--- SOURCE DATA Enclosed Below ---

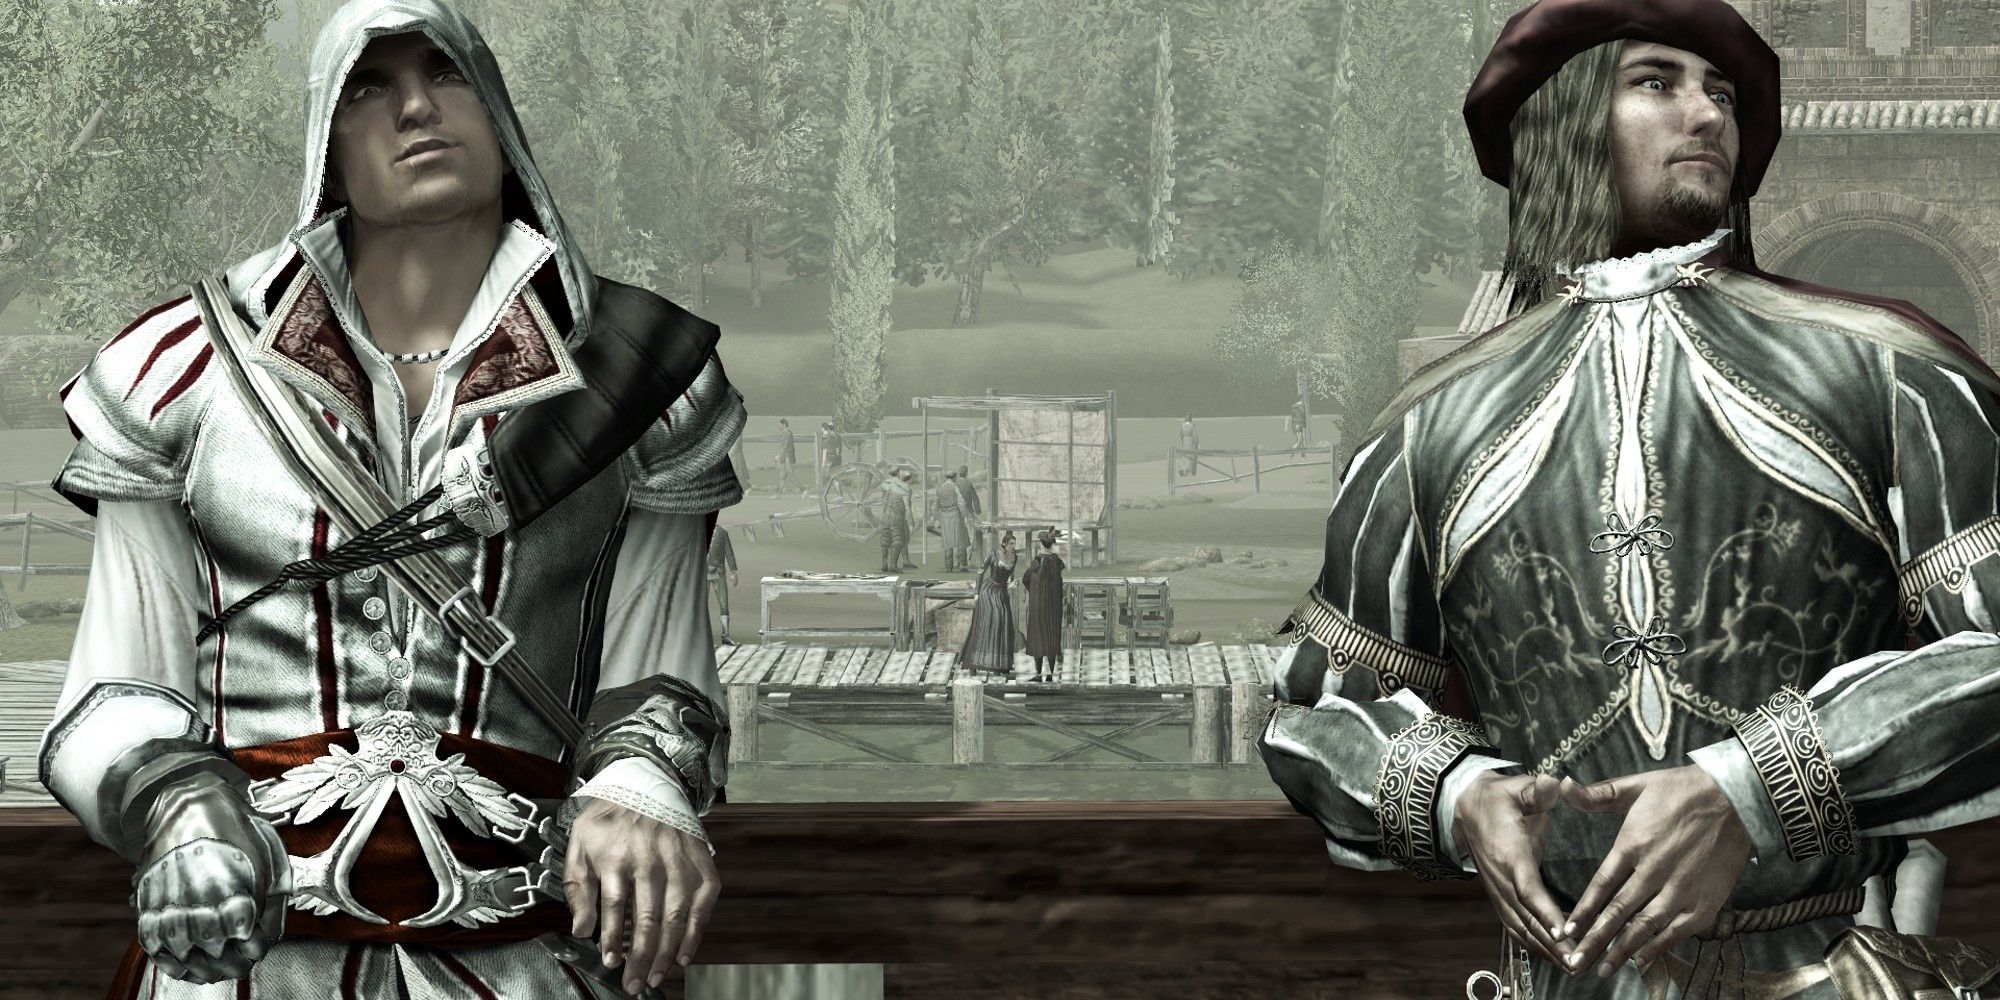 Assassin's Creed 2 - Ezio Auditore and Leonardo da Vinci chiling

--- End of Enclosed SOURCE DATA ---
--- SOURCE DATA Enclosed Below ---

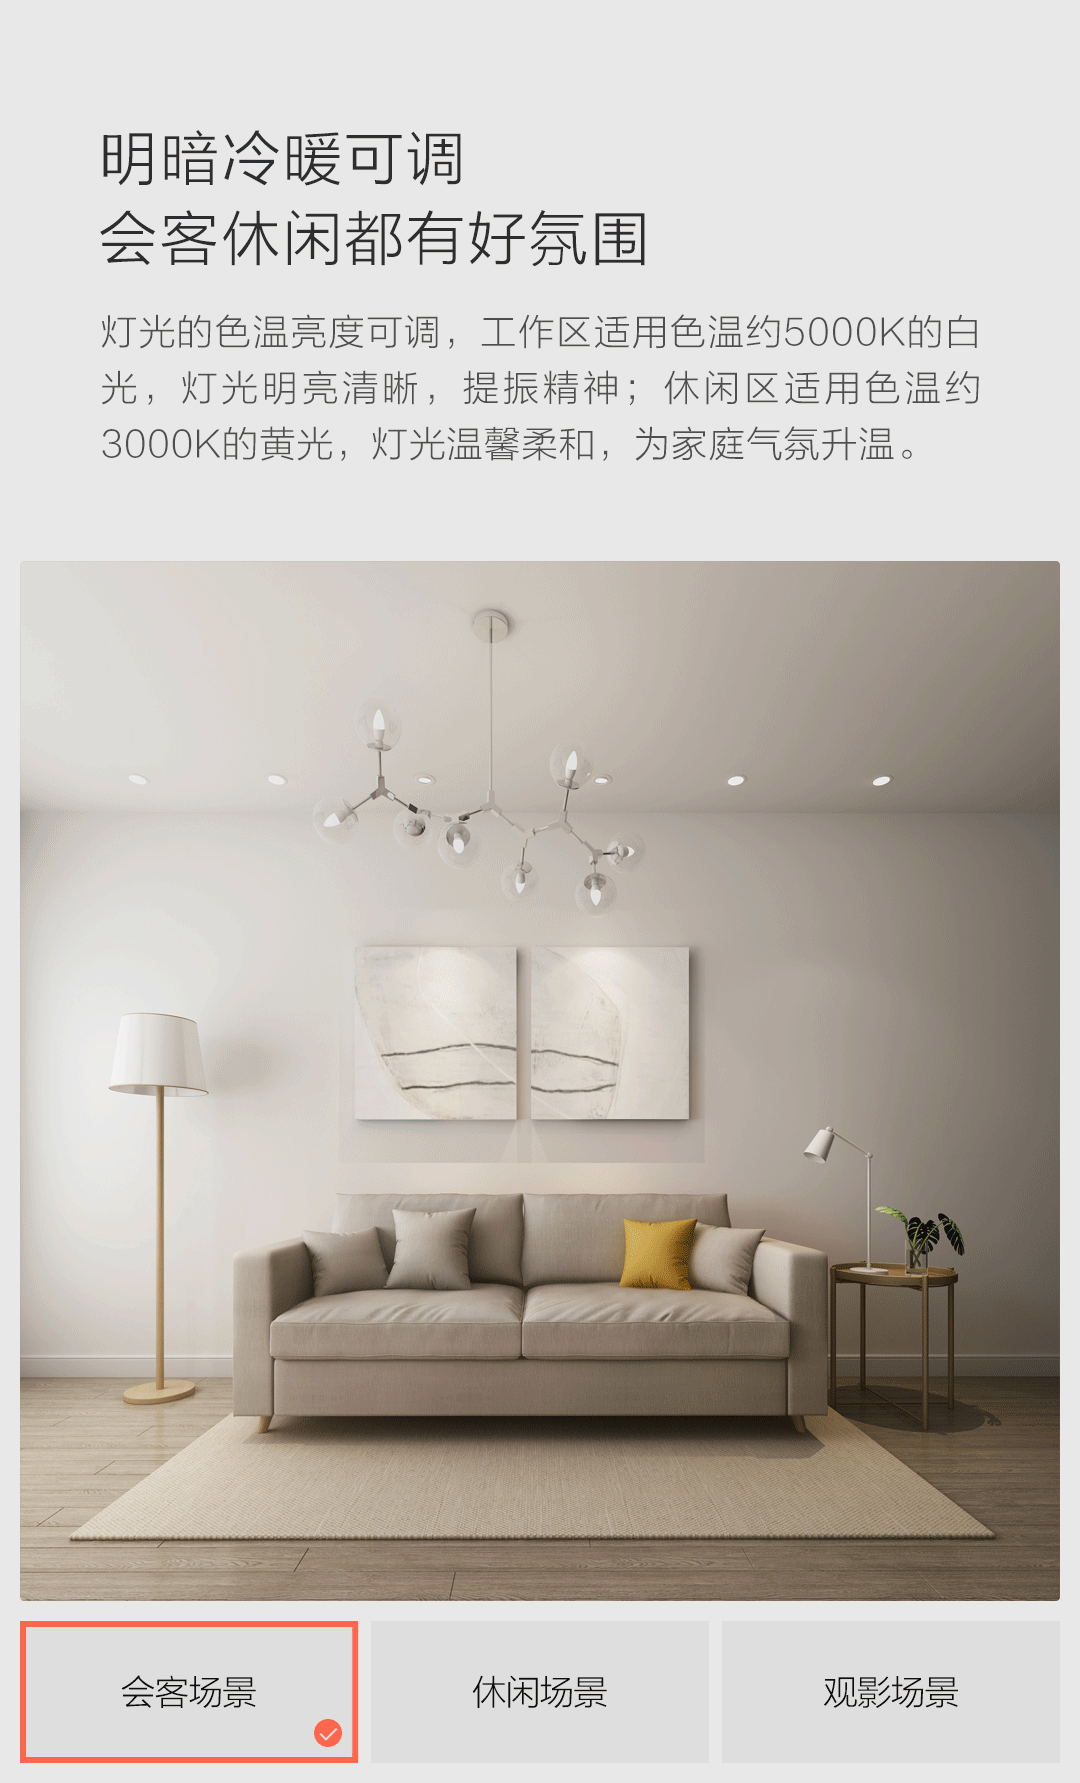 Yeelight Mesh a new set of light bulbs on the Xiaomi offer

--- End of Enclosed SOURCE DATA ---
--- SOURCE DATA Enclosed Below ---

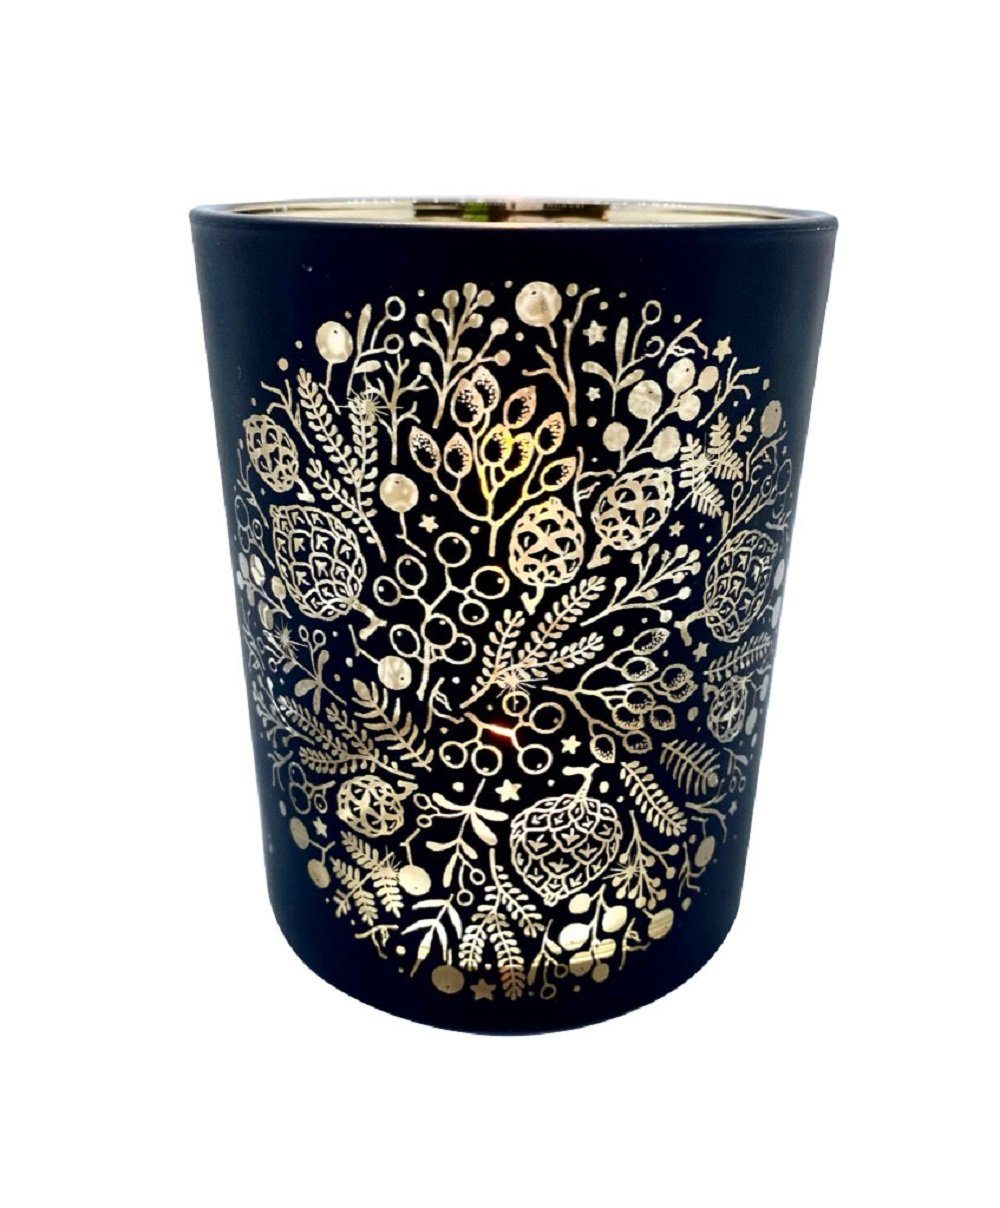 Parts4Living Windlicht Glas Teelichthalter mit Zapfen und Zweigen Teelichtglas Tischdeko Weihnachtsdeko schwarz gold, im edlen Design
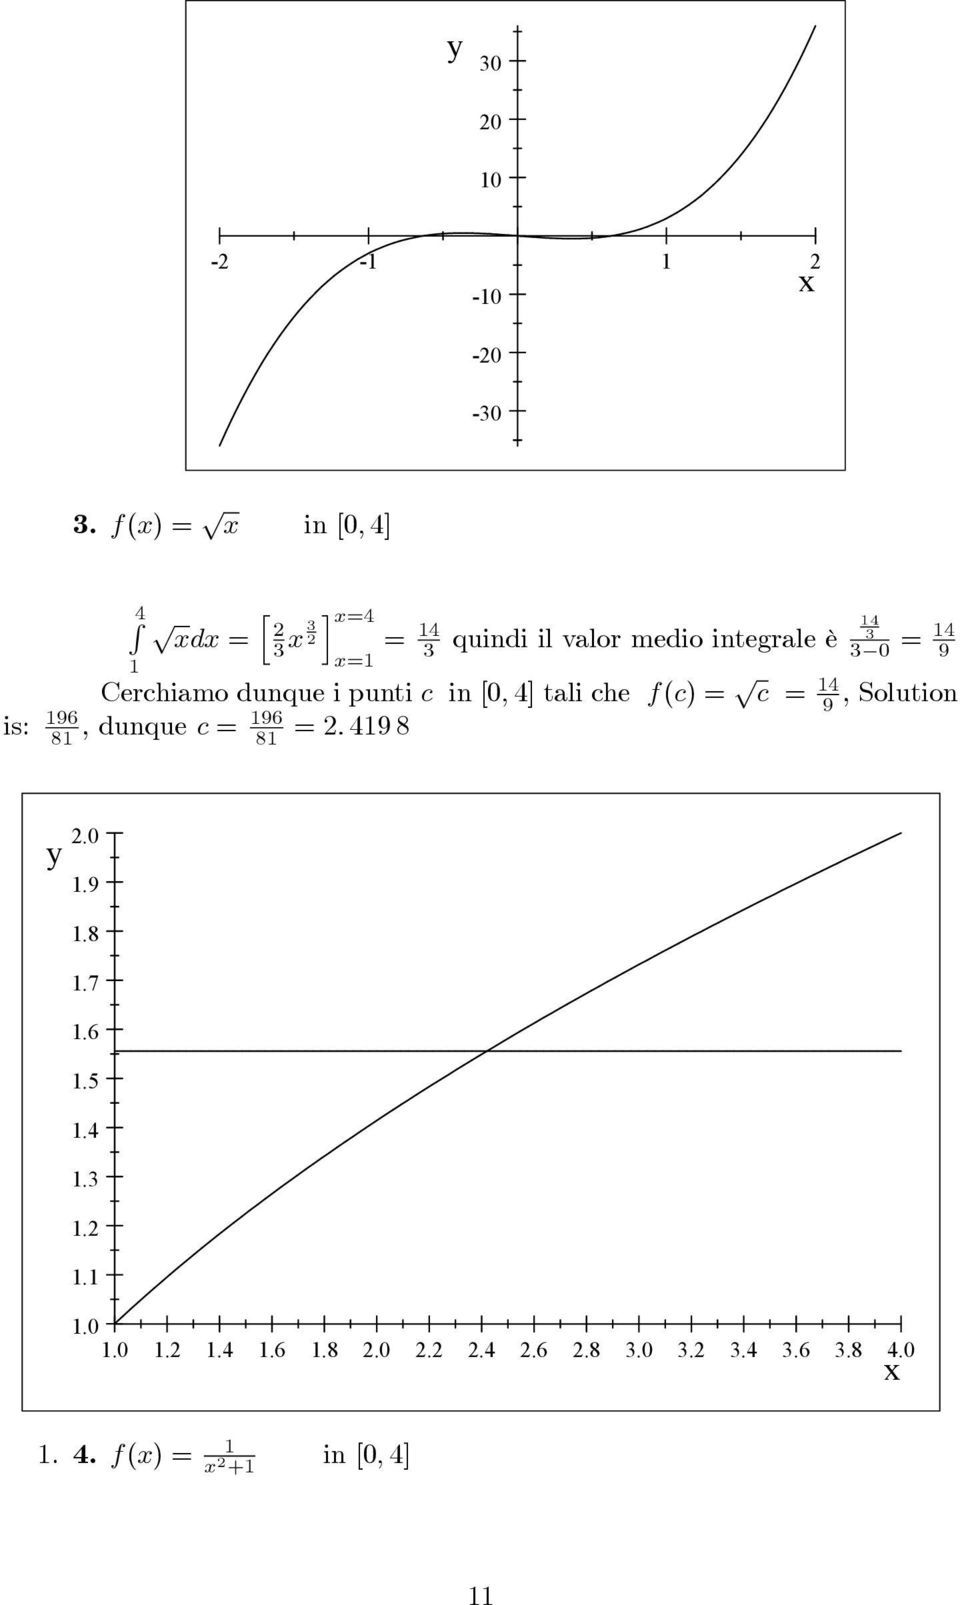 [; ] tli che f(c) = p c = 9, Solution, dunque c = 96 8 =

--- End of Enclosed SOURCE DATA ---

YOUR TASK =>
Given the listing above, repeat exactly the lines starting at the one with "Parts4Living Windlicht Glas" and ending at the one with "[; ] tli che", inclusive, excluding pictures.

RESULT FOR THIS TASK =>
 Parts4Living Windlicht Glas Teelichthalter mit Zapfen und Zweigen Teelichtglas Tischdeko Weihnachtsdeko schwarz gold, im edlen Design
 [; ] tli che f(c) = p c = 9, Solution, dunque c = 96 8 =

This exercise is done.